BEGIN
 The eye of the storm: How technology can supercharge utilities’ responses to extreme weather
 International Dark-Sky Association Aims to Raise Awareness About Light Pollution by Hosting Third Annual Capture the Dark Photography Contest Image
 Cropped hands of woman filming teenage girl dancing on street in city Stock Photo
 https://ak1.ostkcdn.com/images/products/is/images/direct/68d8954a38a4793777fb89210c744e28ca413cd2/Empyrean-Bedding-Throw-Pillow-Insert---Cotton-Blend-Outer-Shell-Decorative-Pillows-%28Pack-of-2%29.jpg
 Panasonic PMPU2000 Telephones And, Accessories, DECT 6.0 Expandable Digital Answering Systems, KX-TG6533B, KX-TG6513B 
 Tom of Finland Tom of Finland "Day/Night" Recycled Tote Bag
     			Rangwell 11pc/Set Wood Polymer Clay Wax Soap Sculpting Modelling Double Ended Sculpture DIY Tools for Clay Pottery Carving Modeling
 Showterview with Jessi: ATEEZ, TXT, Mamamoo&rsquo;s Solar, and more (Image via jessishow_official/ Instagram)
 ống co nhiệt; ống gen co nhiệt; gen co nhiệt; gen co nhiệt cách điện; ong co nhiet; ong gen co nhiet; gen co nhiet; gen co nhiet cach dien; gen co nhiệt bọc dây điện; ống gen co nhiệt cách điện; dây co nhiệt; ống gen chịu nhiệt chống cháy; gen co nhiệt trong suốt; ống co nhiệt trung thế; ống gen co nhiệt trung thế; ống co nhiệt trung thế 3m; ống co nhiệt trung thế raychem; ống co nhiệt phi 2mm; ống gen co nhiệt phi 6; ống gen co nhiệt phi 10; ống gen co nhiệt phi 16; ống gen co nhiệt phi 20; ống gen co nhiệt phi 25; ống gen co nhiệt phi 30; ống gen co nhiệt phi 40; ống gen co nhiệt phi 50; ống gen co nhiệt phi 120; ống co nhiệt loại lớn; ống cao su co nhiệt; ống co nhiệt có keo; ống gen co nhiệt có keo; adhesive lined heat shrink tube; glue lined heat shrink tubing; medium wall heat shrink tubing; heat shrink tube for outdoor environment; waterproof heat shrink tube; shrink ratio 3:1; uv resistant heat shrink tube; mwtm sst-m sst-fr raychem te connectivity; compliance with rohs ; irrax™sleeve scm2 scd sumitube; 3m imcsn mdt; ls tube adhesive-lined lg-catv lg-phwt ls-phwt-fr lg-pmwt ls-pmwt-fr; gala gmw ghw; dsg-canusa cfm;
END
_Work task_:
Go through the data above and copy each line in which "with" appears.

_Answer below_:
 Showterview with Jessi: ATEEZ, TXT, Mamamoo&rsquo;s Solar, and more (Image via jessishow_official/ Instagram)
 ống co nhiệt; ống gen co nhiệt; gen co nhiệt; gen co nhiệt cách điện; ong co nhiet; ong gen co nhiet; gen co nhiet; gen co nhiet cach dien; gen co nhiệt bọc dây điện; ống gen co nhiệt cách điện; dây co nhiệt; ống gen chịu nhiệt chống cháy; gen co nhiệt trong suốt; ống co nhiệt trung thế; ống gen co nhiệt trung thế; ống co nhiệt trung thế 3m; ống co nhiệt trung thế raychem; ống co nhiệt phi 2mm; ống gen co nhiệt phi 6; ống gen co nhiệt phi 10; ống gen co nhiệt phi 16; ống gen co nhiệt phi 20; ống gen co nhiệt phi 25; ống gen co nhiệt phi 30; ống gen co nhiệt phi 40; ống gen co nhiệt phi 50; ống gen co nhiệt phi 120; ống co nhiệt loại lớn; ống cao su co nhiệt; ống co nhiệt có keo; ống gen co nhiệt có keo; adhesive lined heat shrink tube; glue lined heat shrink tubing; medium wall heat shrink tubing; heat shrink tube for outdoor environment; waterproof heat shrink tube; shrink ratio 3:1; uv resistant heat shrink tube; mwtm sst-m sst-fr raychem te connectivity; compliance with rohs ; irrax™sleeve scm2 scd sumitube; 3m imcsn mdt; ls tube adhesive-lined lg-catv lg-phwt ls-phwt-fr lg-pmwt ls-pmwt-fr; gala gmw ghw; dsg-canusa cfm;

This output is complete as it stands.